Is this package error-free to work cleanly with production machines?
heiko
-
Known problems and issues:
- have problem with use internel sgerror.php on HTTPS webgui proto: solve problem with using ext error pages (General page option);
- near time will finished global modification blacklist alghorithm ( now i work with rebuild-DB mechanism and blk-list behavior On reinstallation SG).

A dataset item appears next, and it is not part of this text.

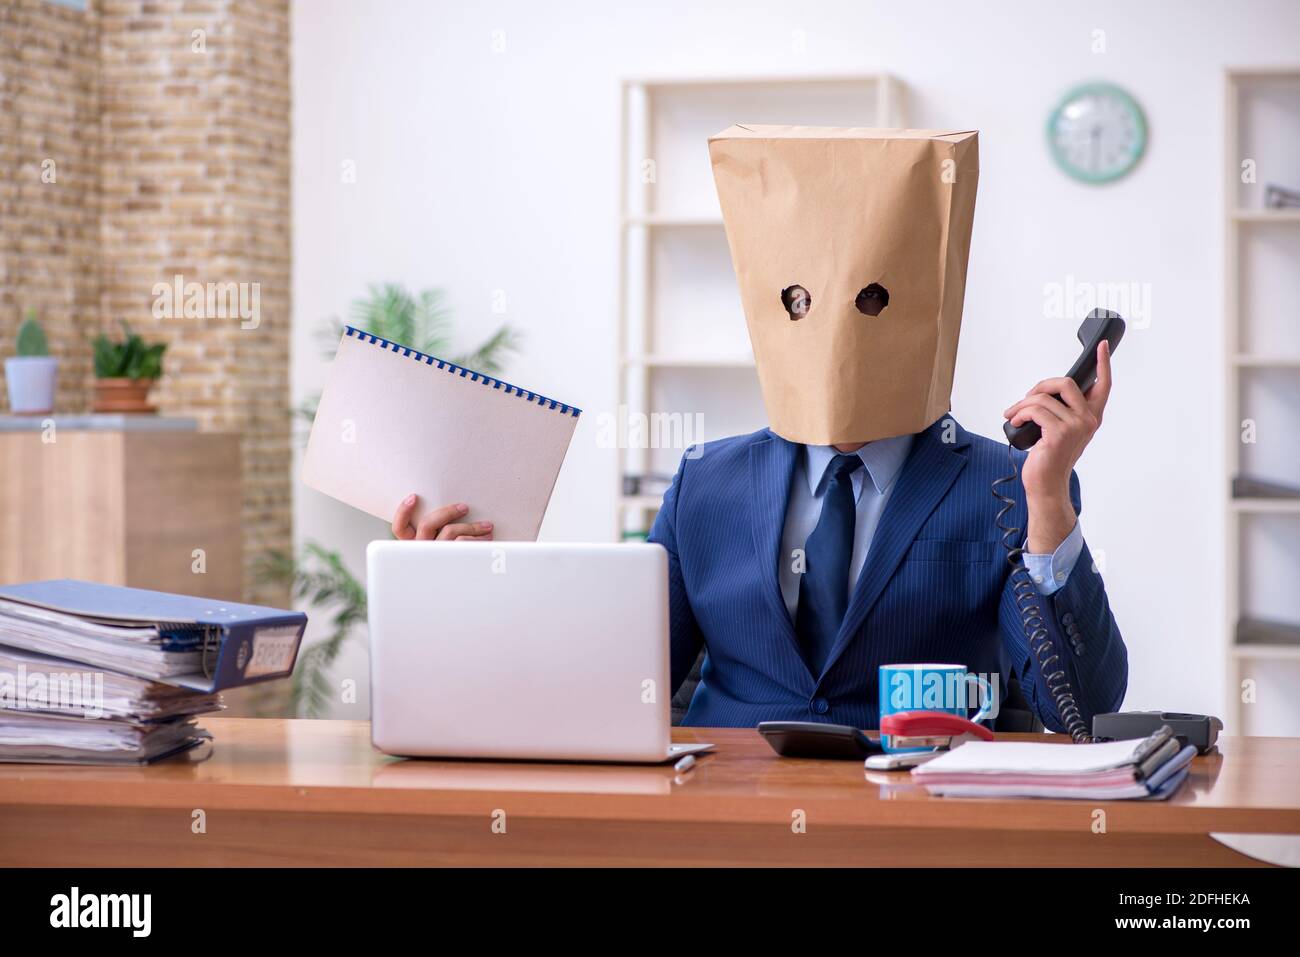 Male employee with box instead of his head Stock Photo

!Fixed! reboot autostart SG
All others (how know) worked stable.
ps if have any other problems and issues - i ready to fixed this. -
Thanks dvserg!
I will test it on one production machine in moscow, and then we will see
greetings
heiko -
If any questions - i have ICQ
Welcome with 10.00-17.00 MSK in work days. -
Ok, fine, thanks!
Heiko -
if i klick on the "apply" button at the "general settings" -tab, these errors occurs
Warning: Invalid argument supplied for foreach() in /usr/local/pkg/squidguard_configurator.inc on line 540 Warning: implode(): Bad arguments. in /usr/local/pkg/squidguard_configurator.inc on line 320 Warning: Cannot modify header information - headers already sent by (output started at /usr/local/pkg/squidguard_configurator.inc:540) in /usr/local/www/pkg_edit.php on line 35
Greetings
Heiko -
if i klick on the "apply" button at the "general settings" -tab, these errors occurs
Warning: Invalid argument supplied for foreach() in /usr/local/pkg/squidguard_configurator.inc on line 540 Warning: implode(): Bad arguments. in /usr/local/pkg/squidguard_configurator.inc on line 320 Warning: Cannot modify header information - headers already sent by (output started at /usr/local/pkg/squidguard_configurator.inc:540) in /usr/local/www/pkg_edit.php on line 35
Greetings
HeikoSounds like "direct" output to web server from the PHP scripts instead of "buffered" output. I have not looked at the php configuration in the pfSense system - is it set to buffer output???
Just wondering…
gm...
-
if i klick on the "apply" button at the "general settings" -tab, these errors occurs
This new blacklist update ::) Tomorrow fix it.
-
Sorry…
if i create an ACL and delete this item, so the ACL list is empty the following error occurs....Warning: Invalid argument supplied for foreach() in /usr/local/pkg/squidguard.inc on line 414 Warning: Cannot modify header information - headers already sent by (output started at /usr/local/pkg/squidguard.inc:414) in /usr/local/www/pkg.php on line 87
Another blacklist update?
greetings
Heiko -
Hello dvserg,
for me it blocks nothing with the default configuration, maybe my fault…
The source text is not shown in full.